Да просто чтобы я не путался — я ведь с этим именем родился. Бывает, что мы с тобой разговариваем и я начинаю путаться. Знаешь, время и все такое, иногда это такой кавардак, что просто ужас.

Время — это да, пробормотал Хадж Гарун.

Да я уж знаю. Ну хотя бы иногда. О'Салливан Бир, вот оно, имя. Или просто О'Салливан, если это слишком длинно.

Ирландское.

Оно самое. Можешь меня так называть, чтобы я почувствовал твердую почву под ногами?

Если хочешь.

Будет славно.

Они вошли в садик возле церкви Святой Анны и присели на скамью. Хадж Гарун развязал зеленые ленты под подбородком, снял ржавый шлем и протянул его О'Салливану.

Видишь эти вмятины рядком, О'Рурк? Они появились пять или шесть веков назад, когда я выходил из этого самого грота.

Ты бился до последнего? Выходил из пещер, а крестоносцы перегородили все выходы?

Нет-нет. Я и правда выходил из пещер, но никого кругом не было, к несчастью для меня. Ты помнишь, какой низкий потолок на лестнице, ведущей к выходу из грота? Мой факел погас, была ночь, и я бился головой о свод на каждом шагу. Наконец я так разозлился, что боднул потолок, и застрял.

Застрял?

Мой шлем, О'Бэнион, шлем застрял в расщелине между двумя камнями в потолке. И тут я потерял опору и повис в воздухе, зацепившись шлемом. Мне казалось, будто у меня сейчас оторвется голова.

Ну, это чувство нам знакомо. У меня так иногда с утра бывает. И как ты выбрался?

Никак. Мне пришлось провисеть там остаток ночи. На следующий день пришли паломники и освободили меня. Они тянули меня за ноги, а это было еще ужаснее. Тогда я и впрямь почувствовал, что у меня отрывается голова.

Хадж Гарун нерешительно замялся.

О'Доннелл?

Да?

О'Дрисколл?

Я здесь, от ушей и до самого хвоста.

Знаешь, мой разум вдруг совершенно опустел.

И почему?

Не представляю себе. Я должен это обдумать.

Хорошо.

Но это не поможет, потому что разум-то у меня опустел. Не с чего начать. Господи, мне кажется, что я сегодня заплутал, бродя по кругу.

Неожиданно Хадж Гарун рассмеялся.

Я знаю почему. Это потому, что мы здесь. Это для меня особенное место.

Старик хихикнул и снова водрузил шлем на голову. Он побрел к церкви и начал изучать стену. Он внимательно оглядел себя в маленьком несуществующем зеркале и отступил на шаг, чтобы осмотреть себя в полный рост. Все это время он что-то бормотал, улыбался и поигрывал бровями.

Кажется, серьезно озабочен собственной внешностью, подумал Джо.

О'Брайен?

Да?

Я никогда не видел шлема, на котором было бы больше вмятин, чем на моем. Не похоже ли это на самое историю?
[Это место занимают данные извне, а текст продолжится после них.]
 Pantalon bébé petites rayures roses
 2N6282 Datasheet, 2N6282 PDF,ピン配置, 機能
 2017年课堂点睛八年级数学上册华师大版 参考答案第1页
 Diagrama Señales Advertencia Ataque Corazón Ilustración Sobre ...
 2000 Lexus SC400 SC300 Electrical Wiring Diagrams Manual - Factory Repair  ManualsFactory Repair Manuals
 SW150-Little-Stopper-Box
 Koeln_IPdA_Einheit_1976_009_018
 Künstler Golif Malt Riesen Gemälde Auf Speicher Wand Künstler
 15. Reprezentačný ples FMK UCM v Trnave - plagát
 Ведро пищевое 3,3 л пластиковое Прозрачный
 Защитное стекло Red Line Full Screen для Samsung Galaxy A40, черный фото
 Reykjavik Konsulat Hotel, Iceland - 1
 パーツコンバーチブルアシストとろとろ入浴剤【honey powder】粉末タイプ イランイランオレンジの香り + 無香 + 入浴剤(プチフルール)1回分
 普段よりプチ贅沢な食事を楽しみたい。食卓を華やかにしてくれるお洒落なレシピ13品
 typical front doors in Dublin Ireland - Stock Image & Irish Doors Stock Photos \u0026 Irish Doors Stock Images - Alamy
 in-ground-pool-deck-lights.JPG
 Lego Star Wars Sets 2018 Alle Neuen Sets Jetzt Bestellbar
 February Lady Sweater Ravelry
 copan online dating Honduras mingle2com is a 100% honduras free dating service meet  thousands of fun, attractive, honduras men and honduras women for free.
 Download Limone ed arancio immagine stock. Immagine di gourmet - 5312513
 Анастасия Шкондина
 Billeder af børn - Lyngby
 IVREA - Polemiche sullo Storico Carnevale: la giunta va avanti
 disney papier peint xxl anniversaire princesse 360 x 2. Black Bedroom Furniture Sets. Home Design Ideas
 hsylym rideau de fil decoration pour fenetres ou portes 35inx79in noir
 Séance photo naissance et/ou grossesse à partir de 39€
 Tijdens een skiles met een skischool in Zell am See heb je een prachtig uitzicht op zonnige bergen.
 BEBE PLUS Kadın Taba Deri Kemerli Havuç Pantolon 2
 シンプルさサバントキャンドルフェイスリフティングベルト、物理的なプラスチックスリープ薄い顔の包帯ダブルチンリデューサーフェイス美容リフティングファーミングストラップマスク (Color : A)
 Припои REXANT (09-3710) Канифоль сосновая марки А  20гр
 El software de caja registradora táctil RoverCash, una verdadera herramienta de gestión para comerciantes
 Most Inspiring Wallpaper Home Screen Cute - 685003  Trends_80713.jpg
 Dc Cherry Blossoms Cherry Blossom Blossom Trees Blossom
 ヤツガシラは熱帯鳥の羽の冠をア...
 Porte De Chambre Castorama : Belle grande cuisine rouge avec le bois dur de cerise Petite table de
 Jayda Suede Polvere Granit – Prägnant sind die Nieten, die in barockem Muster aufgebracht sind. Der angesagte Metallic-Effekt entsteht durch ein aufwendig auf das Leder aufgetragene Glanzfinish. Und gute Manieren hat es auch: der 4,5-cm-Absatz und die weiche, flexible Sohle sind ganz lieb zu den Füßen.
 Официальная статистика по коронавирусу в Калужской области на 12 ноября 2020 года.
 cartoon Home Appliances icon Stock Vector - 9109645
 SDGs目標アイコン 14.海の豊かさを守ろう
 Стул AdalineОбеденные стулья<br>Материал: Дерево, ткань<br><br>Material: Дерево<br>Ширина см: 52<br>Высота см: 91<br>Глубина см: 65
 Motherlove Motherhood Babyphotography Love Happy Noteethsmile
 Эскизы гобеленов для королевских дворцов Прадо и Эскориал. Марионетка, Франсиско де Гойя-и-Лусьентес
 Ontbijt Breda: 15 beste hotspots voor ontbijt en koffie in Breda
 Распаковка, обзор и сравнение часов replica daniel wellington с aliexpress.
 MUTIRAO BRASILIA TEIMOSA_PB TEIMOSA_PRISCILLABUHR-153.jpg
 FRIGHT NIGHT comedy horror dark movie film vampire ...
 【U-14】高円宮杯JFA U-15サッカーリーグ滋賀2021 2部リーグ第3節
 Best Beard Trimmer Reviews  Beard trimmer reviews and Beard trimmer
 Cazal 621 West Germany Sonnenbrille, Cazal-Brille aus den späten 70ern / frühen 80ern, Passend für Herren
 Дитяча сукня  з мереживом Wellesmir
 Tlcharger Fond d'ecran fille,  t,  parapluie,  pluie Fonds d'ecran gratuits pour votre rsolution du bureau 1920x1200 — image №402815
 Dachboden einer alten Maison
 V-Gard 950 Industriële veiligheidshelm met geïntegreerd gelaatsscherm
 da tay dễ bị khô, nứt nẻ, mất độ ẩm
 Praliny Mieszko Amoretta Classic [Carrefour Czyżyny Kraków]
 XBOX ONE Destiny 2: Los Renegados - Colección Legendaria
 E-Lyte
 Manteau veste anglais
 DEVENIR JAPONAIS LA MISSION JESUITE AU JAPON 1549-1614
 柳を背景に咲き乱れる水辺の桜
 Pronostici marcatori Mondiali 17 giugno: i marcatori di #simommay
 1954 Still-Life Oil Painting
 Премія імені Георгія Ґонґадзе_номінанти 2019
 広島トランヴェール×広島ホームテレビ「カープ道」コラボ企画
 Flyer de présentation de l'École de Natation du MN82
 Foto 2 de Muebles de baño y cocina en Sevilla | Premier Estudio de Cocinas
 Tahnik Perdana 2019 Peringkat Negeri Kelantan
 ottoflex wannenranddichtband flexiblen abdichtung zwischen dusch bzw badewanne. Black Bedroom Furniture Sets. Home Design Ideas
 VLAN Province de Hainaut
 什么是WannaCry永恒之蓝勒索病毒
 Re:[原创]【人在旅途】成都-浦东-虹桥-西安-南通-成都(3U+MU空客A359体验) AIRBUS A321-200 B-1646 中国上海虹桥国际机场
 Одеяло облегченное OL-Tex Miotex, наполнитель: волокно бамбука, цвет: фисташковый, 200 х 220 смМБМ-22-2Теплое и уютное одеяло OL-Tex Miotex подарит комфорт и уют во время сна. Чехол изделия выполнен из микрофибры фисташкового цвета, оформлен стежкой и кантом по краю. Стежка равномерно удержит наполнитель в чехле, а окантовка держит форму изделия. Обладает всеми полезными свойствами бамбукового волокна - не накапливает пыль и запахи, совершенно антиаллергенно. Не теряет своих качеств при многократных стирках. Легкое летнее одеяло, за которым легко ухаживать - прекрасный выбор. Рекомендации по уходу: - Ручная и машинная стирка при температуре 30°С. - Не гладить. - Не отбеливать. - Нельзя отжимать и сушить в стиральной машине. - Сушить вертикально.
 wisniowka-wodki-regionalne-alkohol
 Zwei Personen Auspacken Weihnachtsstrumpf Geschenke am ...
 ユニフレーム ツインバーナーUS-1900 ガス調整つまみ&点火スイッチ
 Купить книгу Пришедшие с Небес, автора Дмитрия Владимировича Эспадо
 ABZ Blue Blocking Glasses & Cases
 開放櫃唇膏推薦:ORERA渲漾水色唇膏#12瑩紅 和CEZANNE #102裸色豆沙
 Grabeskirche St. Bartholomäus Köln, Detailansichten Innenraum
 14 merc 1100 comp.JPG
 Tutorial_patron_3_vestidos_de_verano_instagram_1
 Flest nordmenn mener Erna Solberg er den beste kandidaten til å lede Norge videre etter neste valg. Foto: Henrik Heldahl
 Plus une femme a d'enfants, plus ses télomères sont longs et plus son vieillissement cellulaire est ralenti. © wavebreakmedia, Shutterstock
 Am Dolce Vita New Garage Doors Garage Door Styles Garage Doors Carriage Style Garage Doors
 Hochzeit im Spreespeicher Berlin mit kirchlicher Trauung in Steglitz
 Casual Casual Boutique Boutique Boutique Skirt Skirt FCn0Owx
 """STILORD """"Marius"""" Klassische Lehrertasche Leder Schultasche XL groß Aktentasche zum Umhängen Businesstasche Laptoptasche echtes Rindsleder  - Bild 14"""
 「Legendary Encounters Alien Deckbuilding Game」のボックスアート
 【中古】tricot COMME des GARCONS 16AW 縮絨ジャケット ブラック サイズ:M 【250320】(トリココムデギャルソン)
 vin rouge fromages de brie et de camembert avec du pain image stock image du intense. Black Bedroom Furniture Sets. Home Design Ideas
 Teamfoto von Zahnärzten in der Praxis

Всегда наготове очередная порция ударов по голове? Неизбежных и неотвратимых?

Вроде бы так.

Но есть и другие минуты в жизни, О'Коннор, действительно незабываемые минуты. Вот, например, в этом самом саду, во времена моей юности.

Твоей юности? Ничего себе крюк. Куда тебя на сей раз занесло?

В эпоху персидского вторжения. Вот были времена, ты и представить себе не можешь.

Хадж Гарун мягко рассмеялся.

Такие длинные, неторопливые дни, О'Дэйр. Пока мы жили под персами, я без конца ел чеснок и всегда носил кожаный браслет, в который было вшито правое яичко осла.

Да ты что. Что за странный обычай?

Чтобы умножить мою мужскую силу.

Ах вот как.

Да. И когда это было необходимо, я мог вызвать у женщины выкидыш через рот.

Это как?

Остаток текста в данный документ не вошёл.